*** Begin section ***

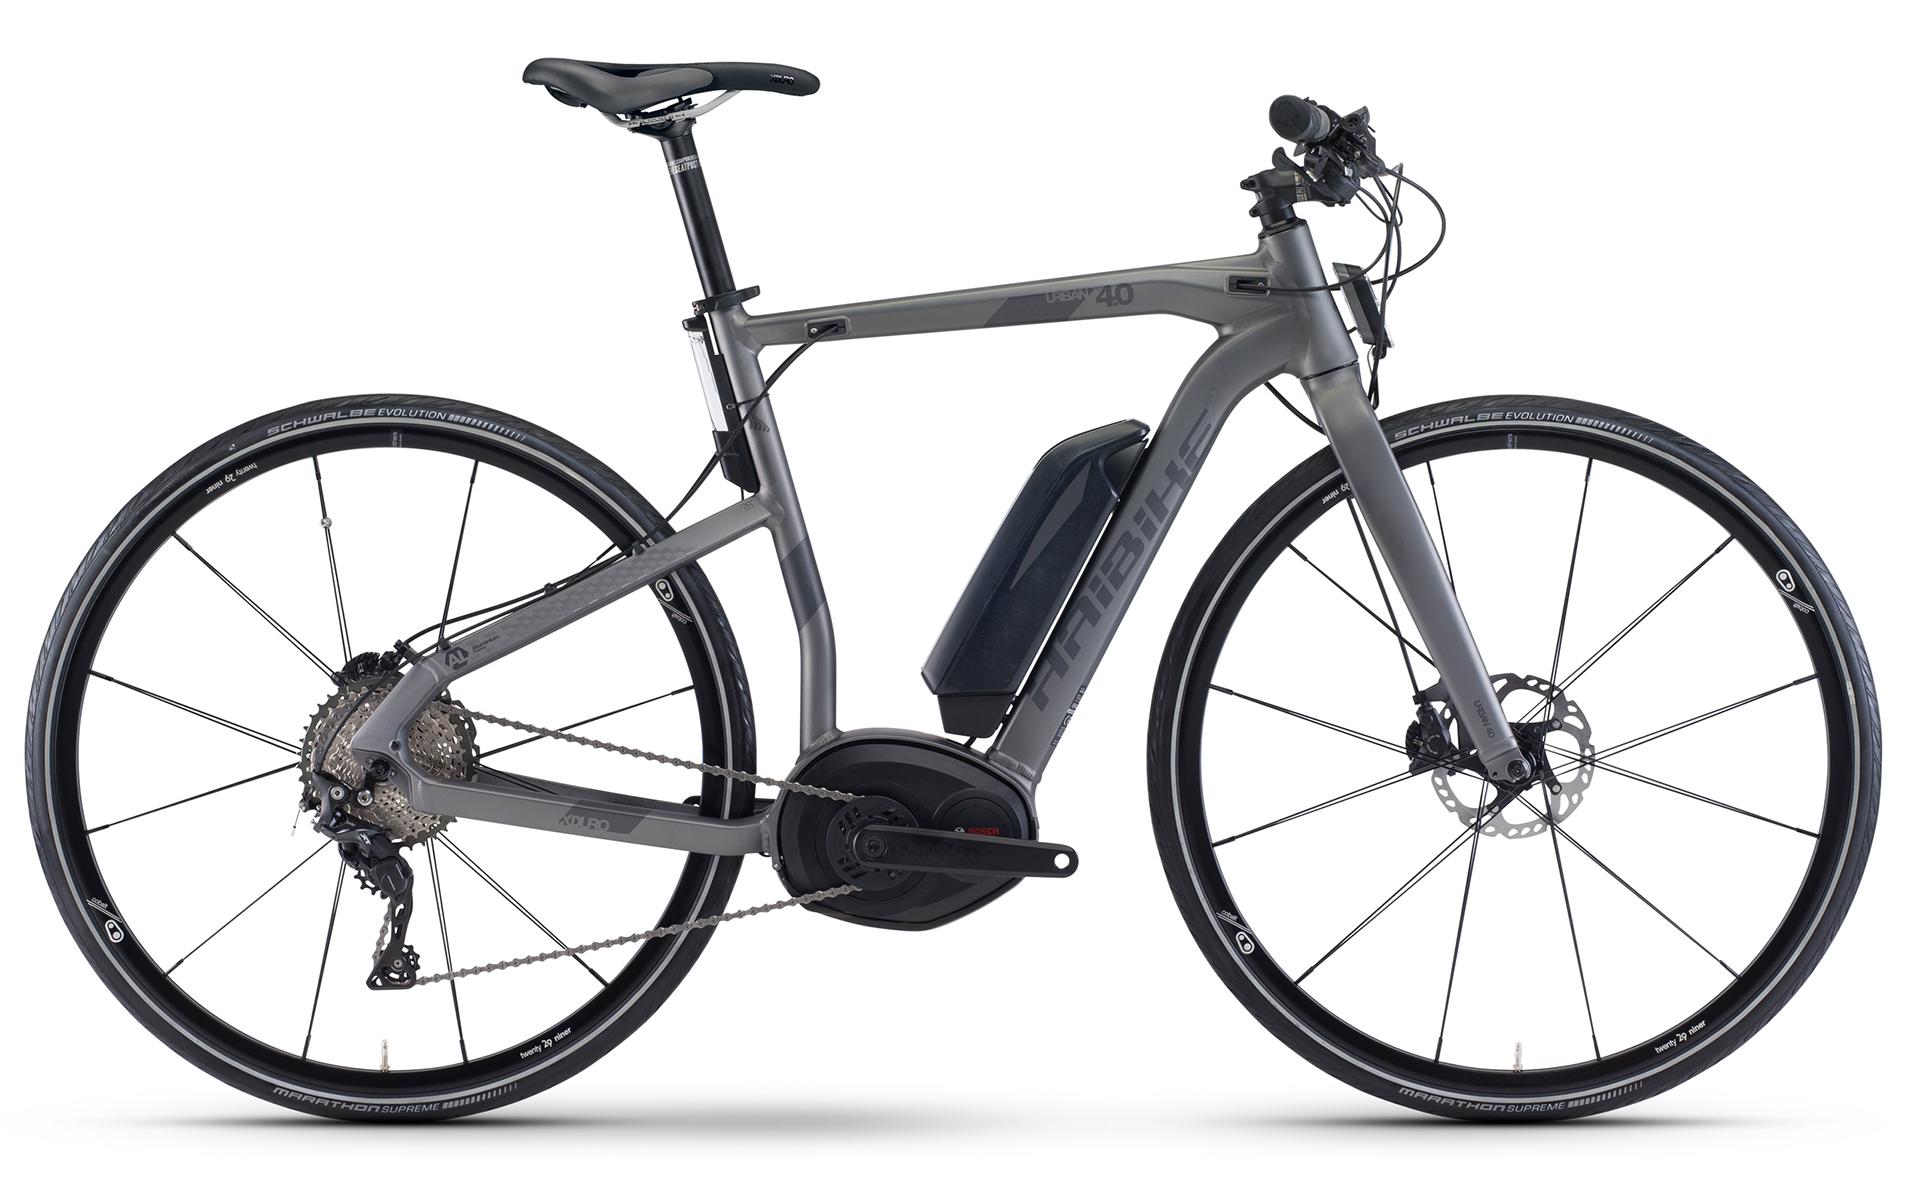 Haibike Xduro Urban 4.0 E-Bike 700c Shimano Déore XT 11S
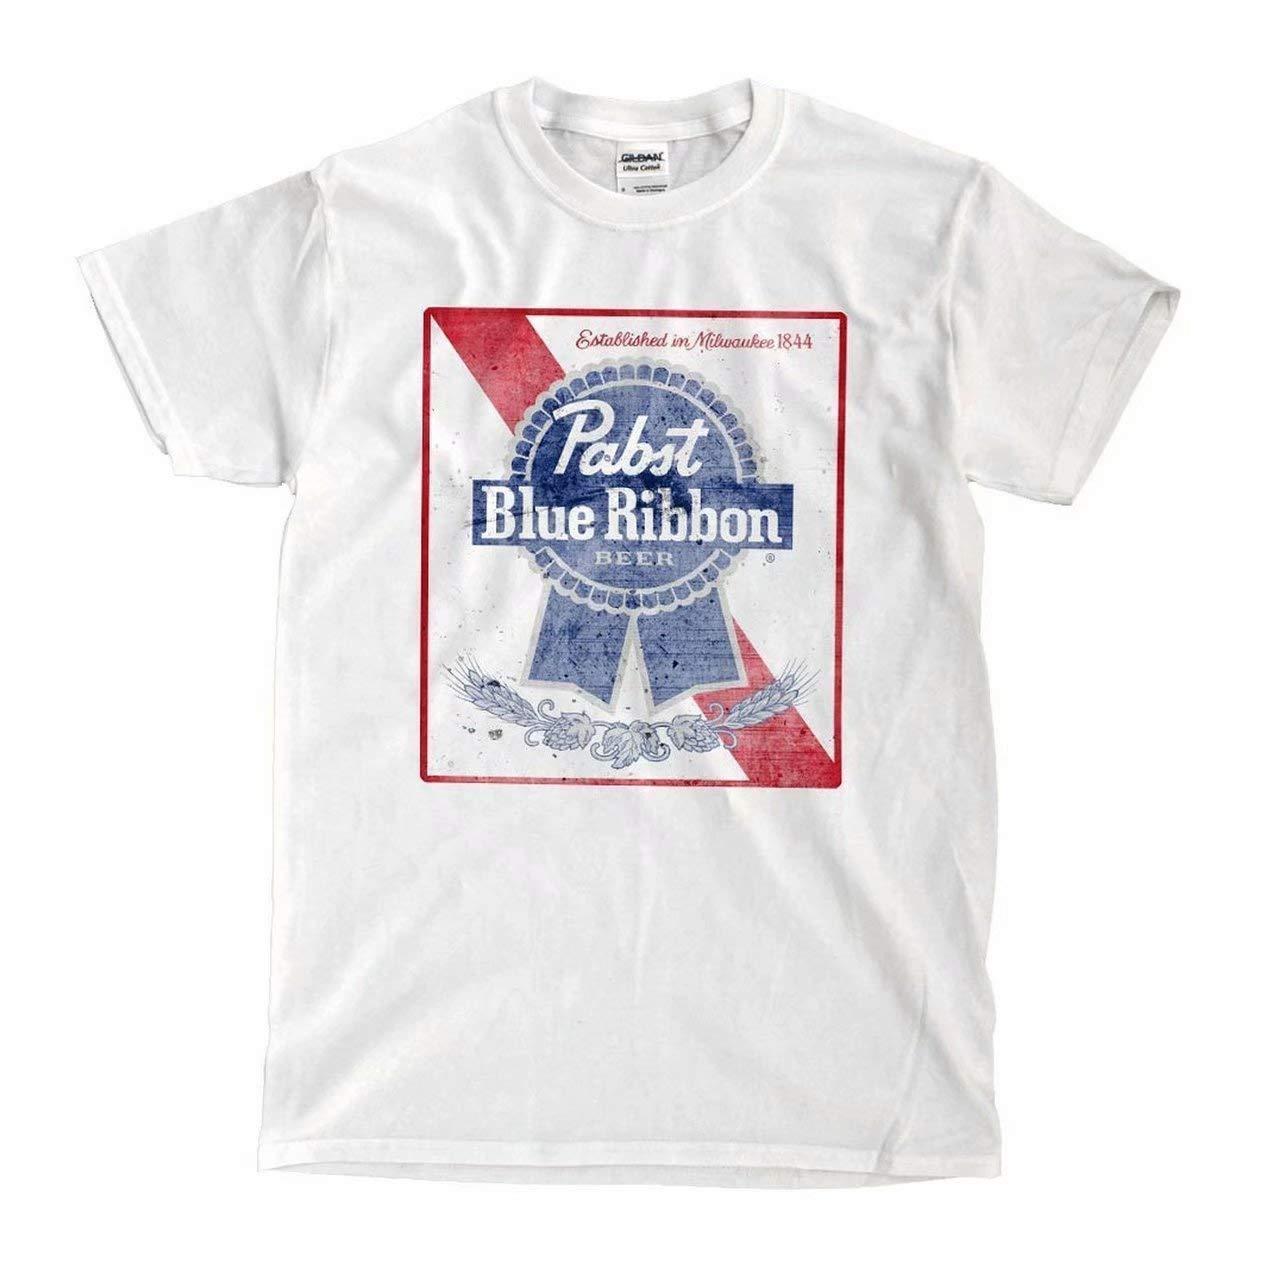 Ailise Pabst Blue Ribbon Funny 8395 Shirts
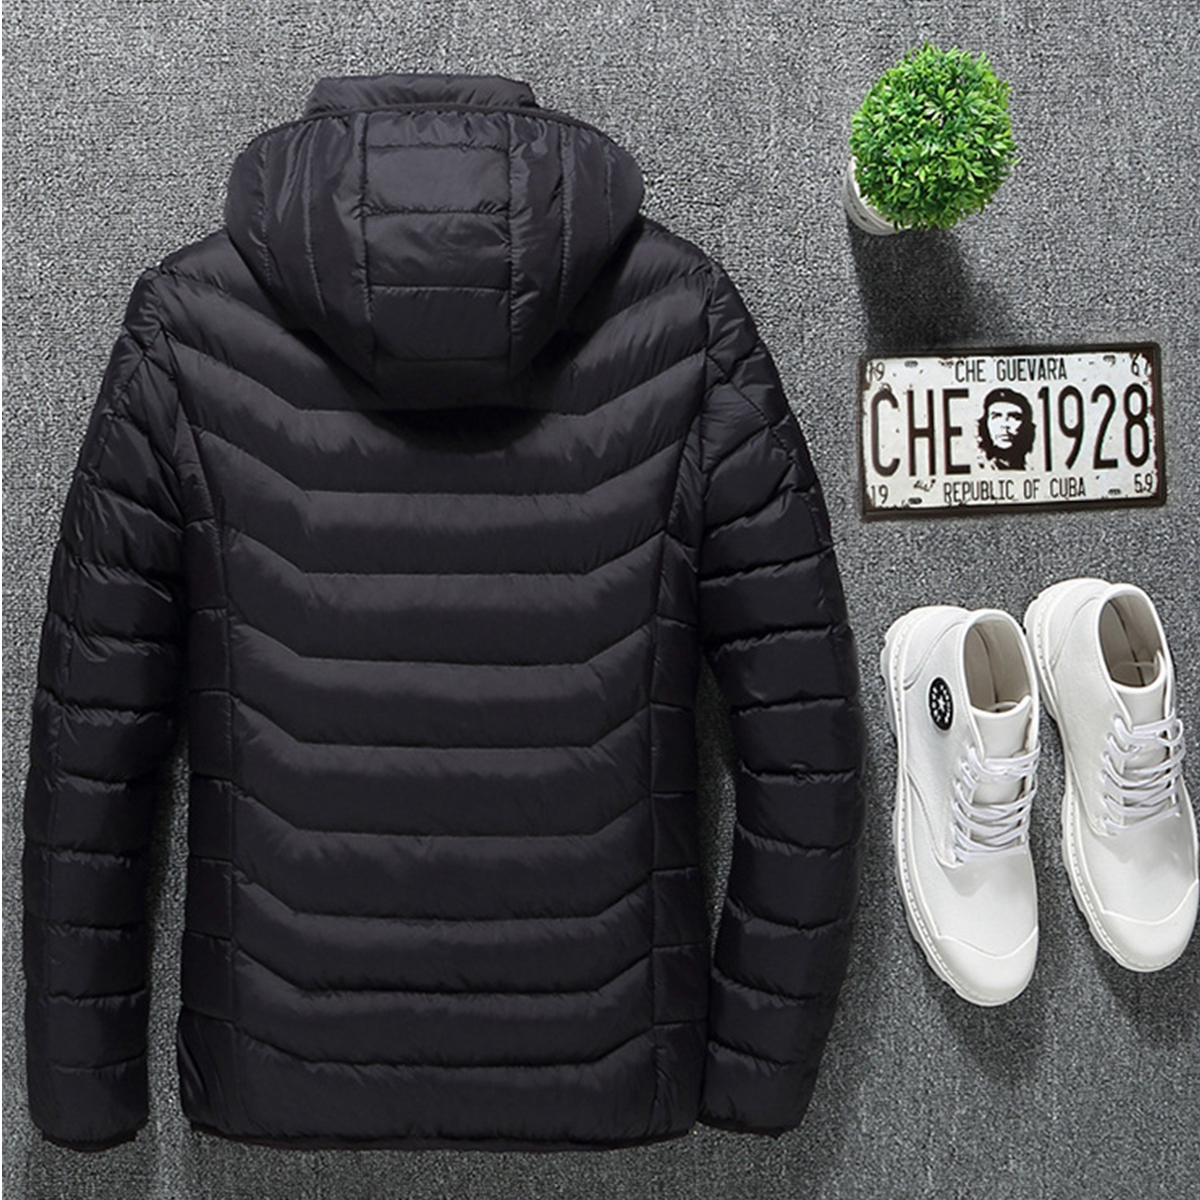 26cda6e354d Mens Women USB Heated Warm Back Hand Wrist Hooded Winter Jacket ...
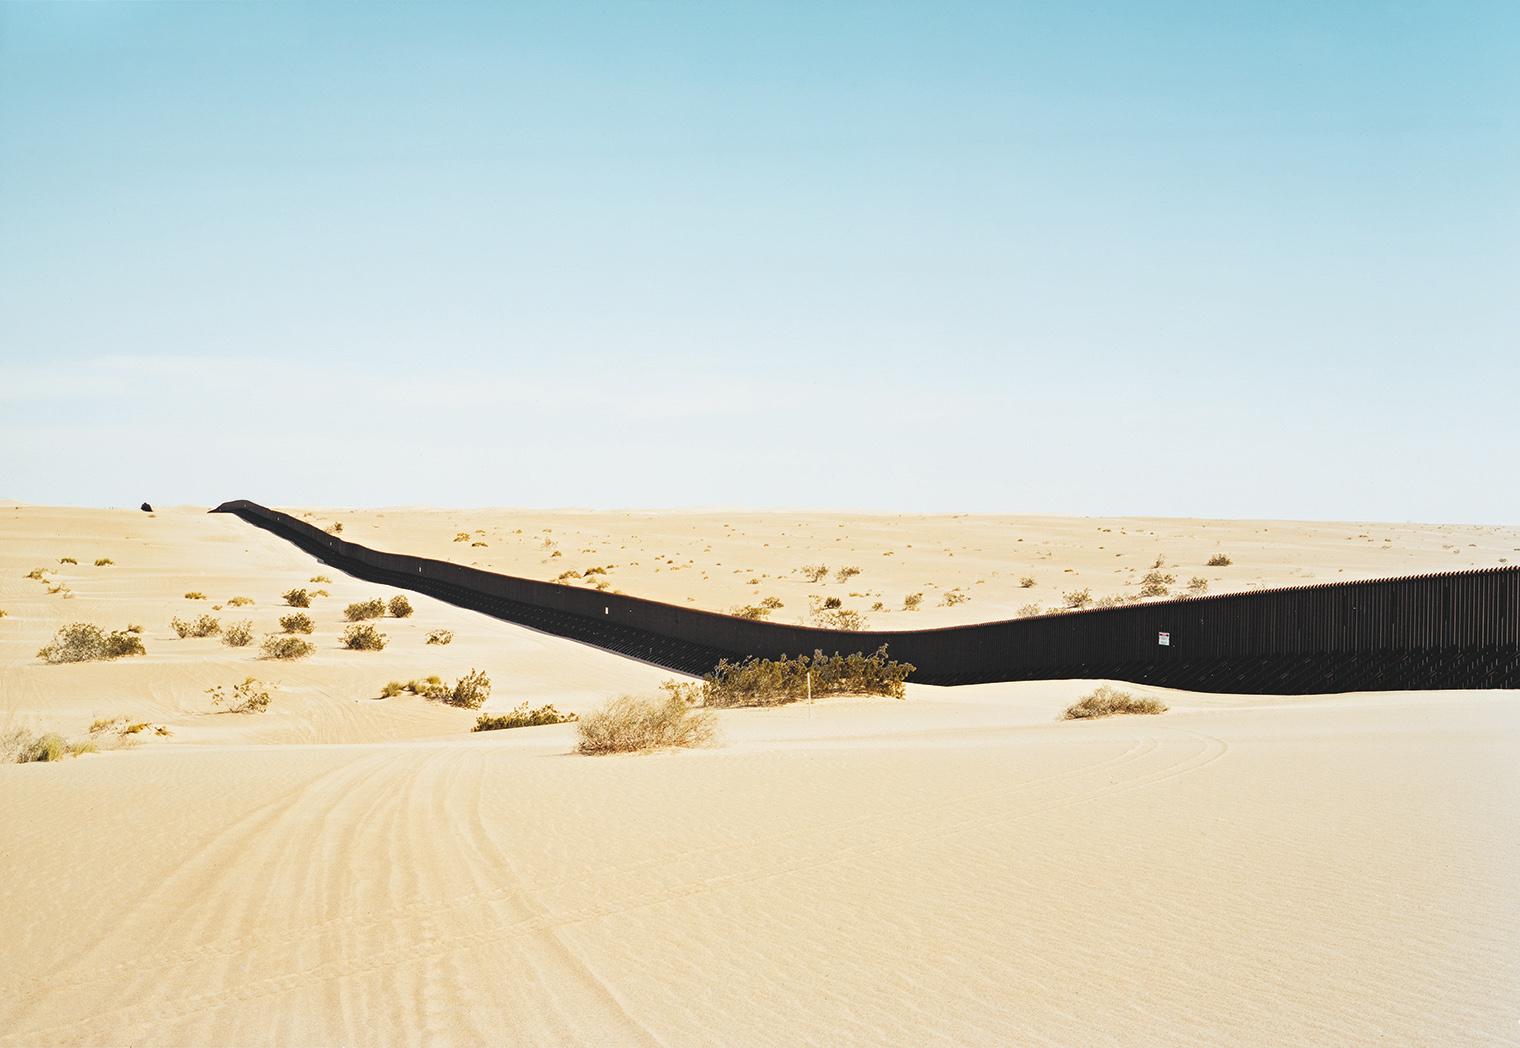 Untitled (Dunes) near El Centro, California, from The Border Series, by Victoria Sambunaris, 2010.

*** End section ***

» **What you should do**:
Copy the listing exactly but drop its images.

» **Answer space**:
 Haibike Xduro Urban 4.0 E-Bike 700c Shimano Déore XT 11S
 Ailise Pabst Blue Ribbon Funny 8395 Shirts
 26cda6e354d Mens Women USB Heated Warm Back Hand Wrist Hooded Winter Jacket ...
 Untitled (Dunes) near El Centro, California, from The Border Series, by Victoria Sambunaris, 2010.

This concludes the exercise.